DURHAM, North Carolina, 25 July 2018 (Duke Today) – The coal industry may have declined in the last decade because of the rise of cheap natural gas, but a coal mining method called mountaintop removal is still taking place, particularly in central Appalachia.

A new web-based mapping tool shows, in more detail than ever before, the land laid bare by mountaintop coal mining in central Appalachia each year, going back more than three decades.

The tool uses satellite imagery to identify and map the annual extent of mining activity across a four-state area including portions of Kentucky, Tennessee, Virginia, and West Virginia.

In the journal PLOS ONE, researchers estimate that between 1985 and 2015, an average of 21,000 acres was converted to bare earth and rubble in central Appalachia each year – an area about half the size of Washington, D.C.

This analysis places the total estimate since the 1970s at about 1.5 million acres. “That is an area 18 percent larger than the state of Delaware, and only 3 percent smaller than Everglades National Park,” said first author Andrew Pericak, who conducted the research in the lab of biology professor Emily Bernhardt at Duke University.

Mountaintop mining is a form of surface coal mining in which coal companies clear the forest from a hilltop, then use explosives and heavy machinery to blast and dig through the soil and bedrock and expose the layers of coal underneath. The leftover rock and debris is pushed into adjacent valleys, burying streams under hundreds of meters of rubble called “valley fill.”

Advocates say the process allows mining companies to harvest shallow seams of coal they can’t get at via traditional underground mining. But growing scientific evidence suggests it also destroys forests, fills the air with harmful dust and contaminates nearby streams.

Determining the timing and extent of mining activity is crucial to assessing and mitigating these environmental and human impacts, said co-author Matthew Ross, previously at Duke and now a post-doctoral researcher at the University of North Carolina at Chapel Hill.

But reliable, up-to-date estimates of mining’s footprint are hard to come by. In any given year, a mining company may only be operating within a portion of the area shown on their mining permit. Previous efforts have mapped surface mining in Appalachia using satellite imagery, but these maps haven’t been updated since 2006, and only give a snapshot of mining every 10 years, rather than year-to-year.

The tool developed by Duke researchers, working with partners at the nonprofit organizations SkyTruth and Appalachian Voices, reveals where mountaintop mining is underway on a finer time scale, and makes it easier to keep the data current.
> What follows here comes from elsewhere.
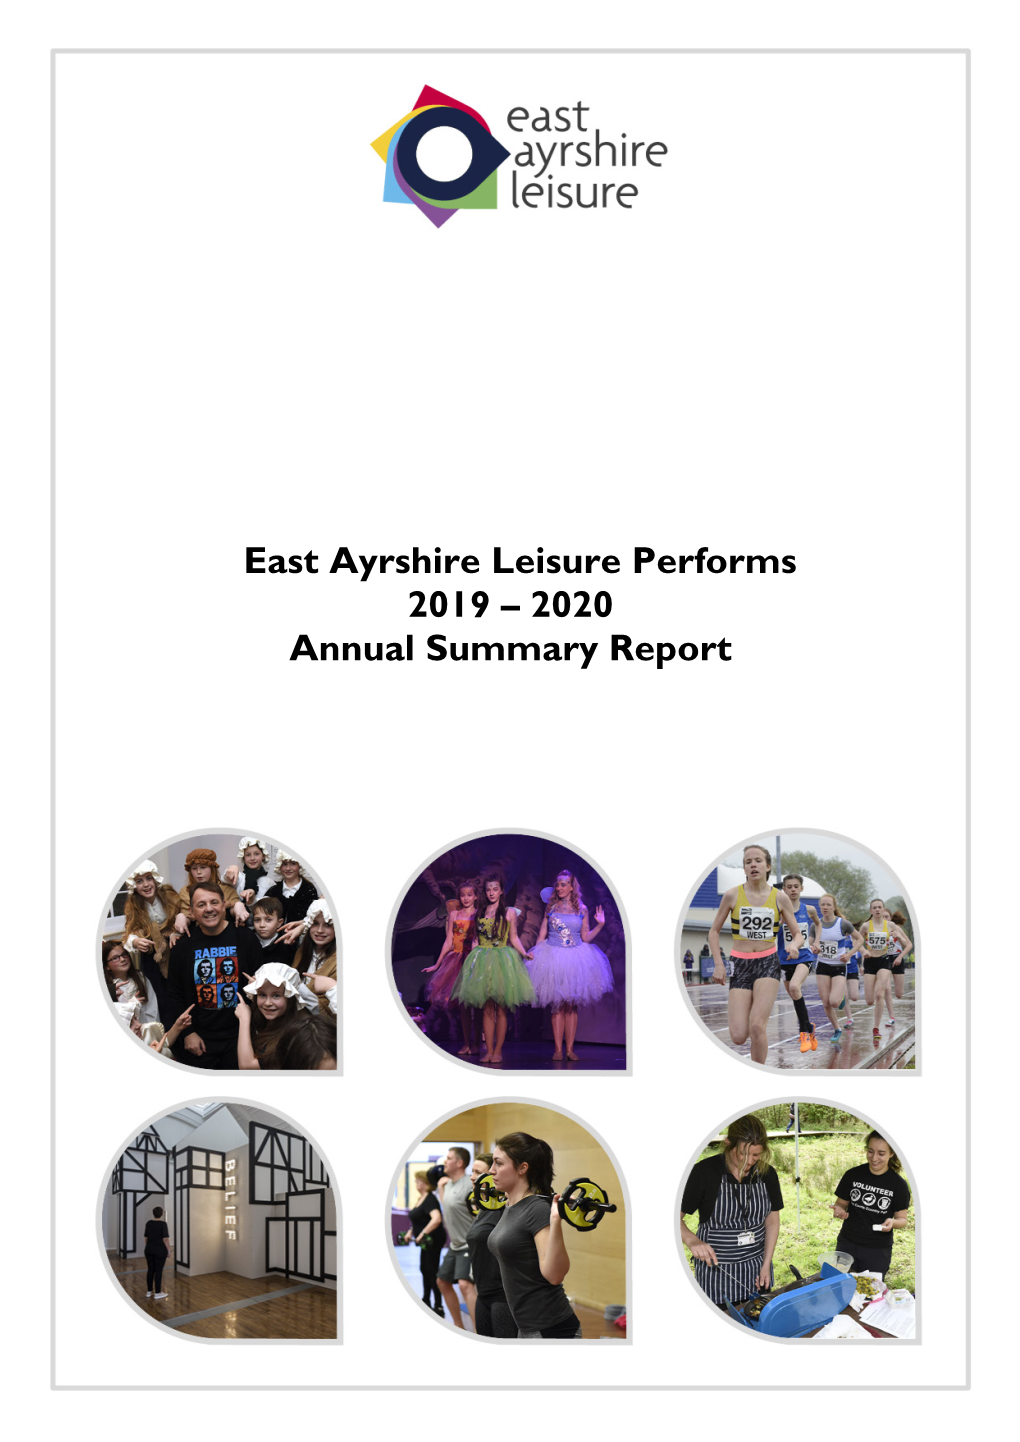 East Ayrshire Leisure Performs 2019 – 2020 Annual Summary Report

The team used Google’s Earth Engine cloud-computing platform to process U.S. government satellite images of visible and invisible light reflected from the Earth’s surface, taken over 31 consecutive years in a 74-county area.
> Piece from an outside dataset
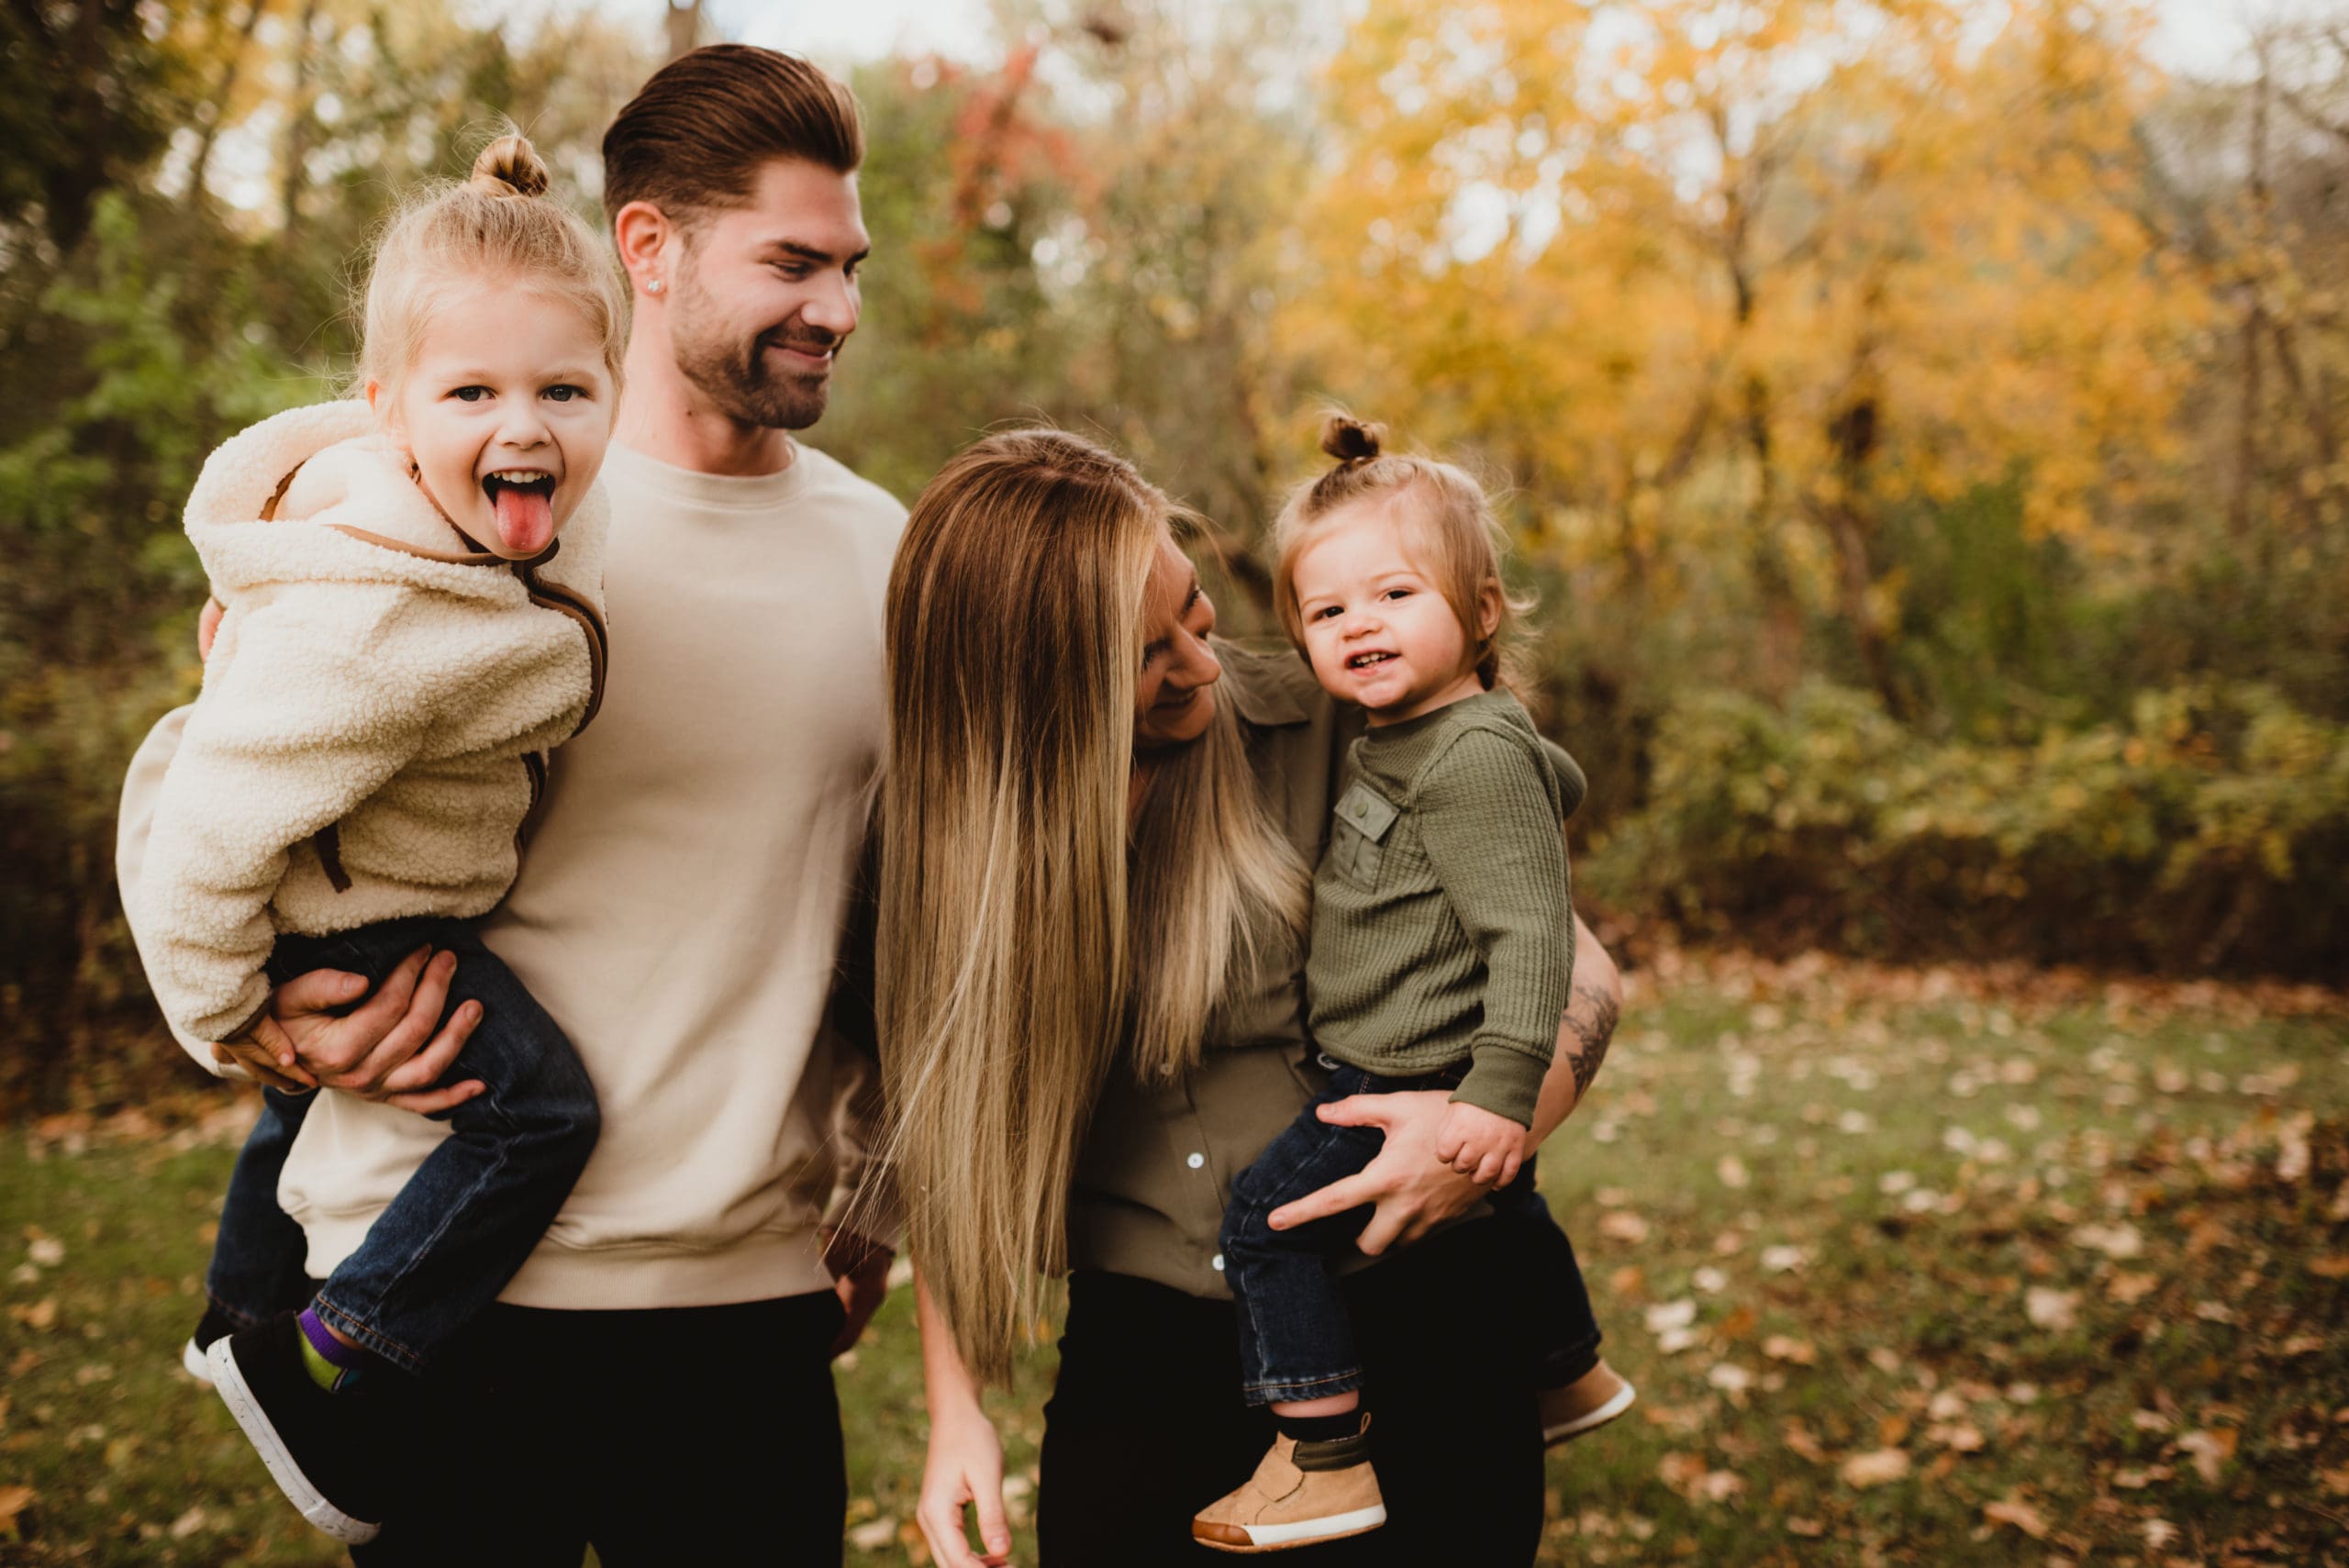 outfit ideas for family photo shoot

Each pixel in 10,240 satellite images, going back to 1985, was analyzed by a computer algorithm that used reflectance data to determine the “greenness” of each small square of the image, which represents a 100-by-100-foot square of Earth. 

A collection of pixels that appeared largely devoid of vegetation and wasn’t part of a city, road or body of water was labeled as an area where mining was likely occurring that year, with at least 83 percent accuracy in any given year.
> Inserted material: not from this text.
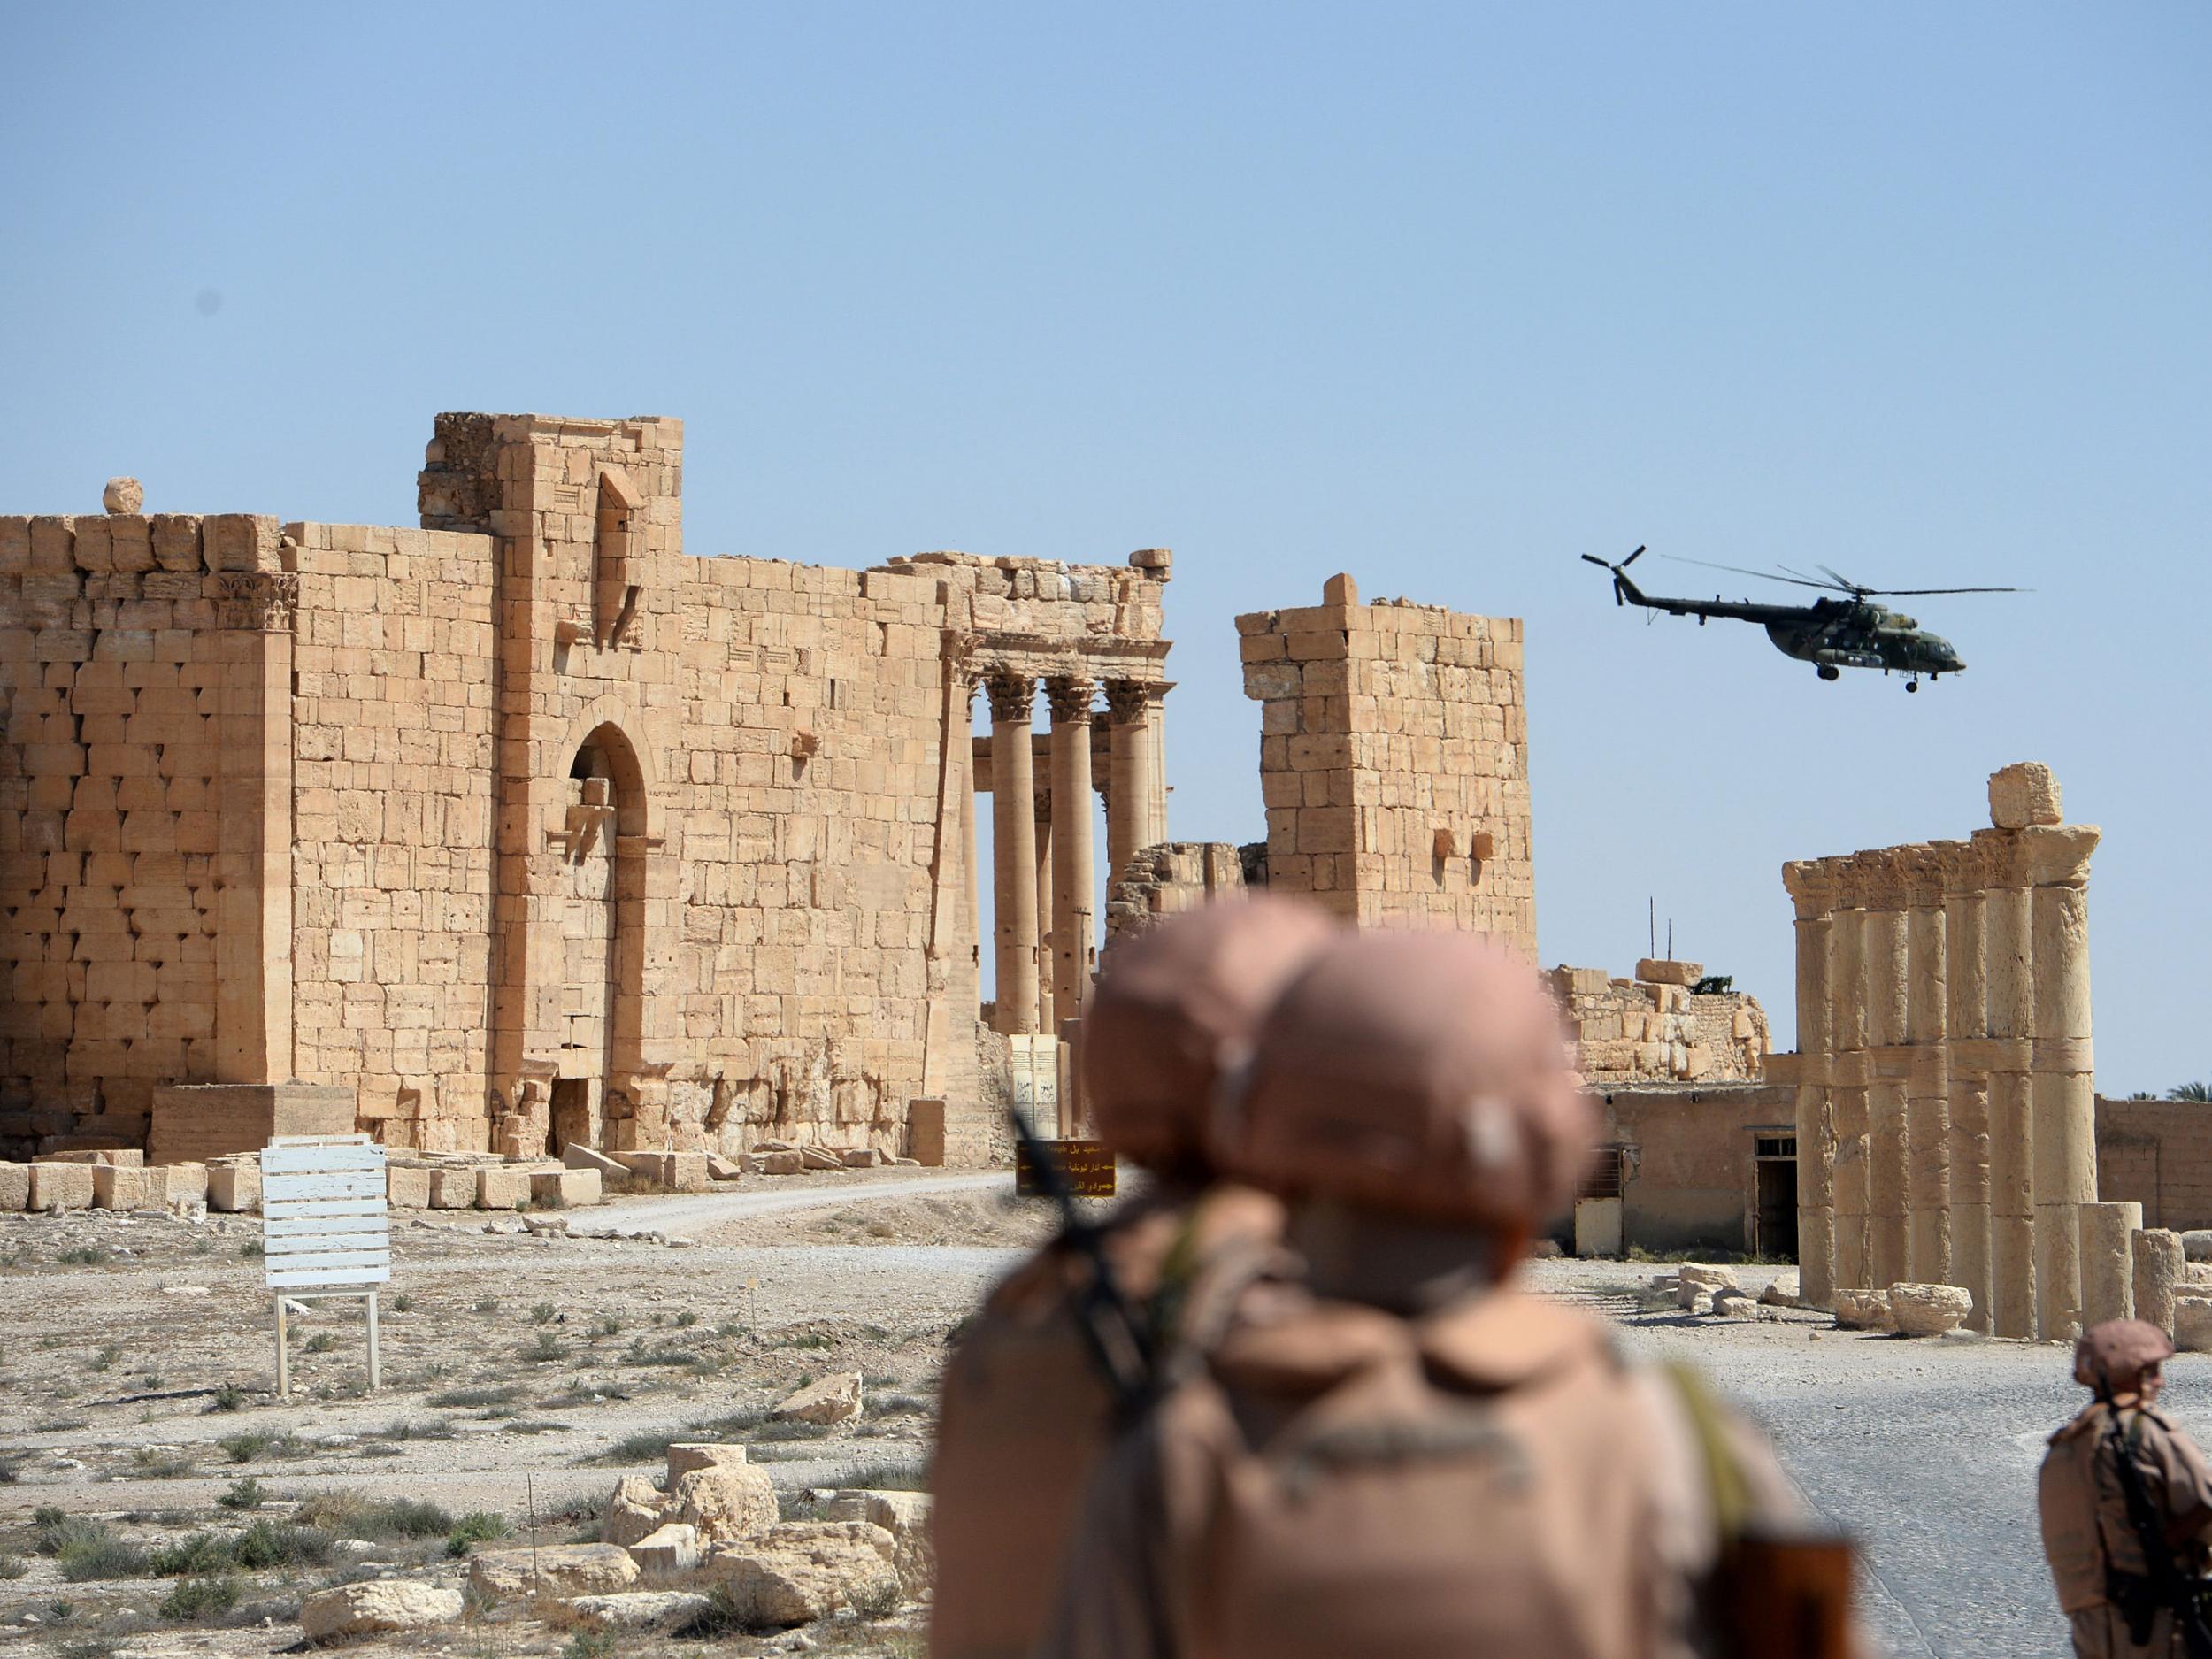 Russian forces patrol Palmyra after the recapture of the city from Isis (Getty)

“It just took a matter of minutes to output the data set,” Pericak said. “It’s a huge time save.”

The team also combined their mine area estimates with previously published data on coal production. In the 1980s and 1990s, they found, every 100 square feet of land in the region yielded one ton of coal. By 2010, however, coal companies needed to clear and blast about 160 square feet per ton, and by 2015, it took more than 300 square feet.

“It takes more land to get the same amount of coal than it had in the past,” Pericak said.

The results are consistent with what geologists since the mid-1990s have forewarned — that as thicker, more accessible layers of coal are mined out, the ratio of waste rock and soil to coal will increase, along with operating costs, Ross said.

Senior co-author Emily Bernhardt says the updated maps will help researchers come up with more accurate estimates of the costs and benefits of mountaintop mining, and how it compares with other forms of resource extraction.

“Any scientist interested in studying the impacts of mountaintop mining can now see exactly where mines are in the landscape and how long those impacts have been active,” said Bernhardt, who is using the data to understand more precisely how mountaintop mining affects water quality, how far the effects extend downstream and how long they persist.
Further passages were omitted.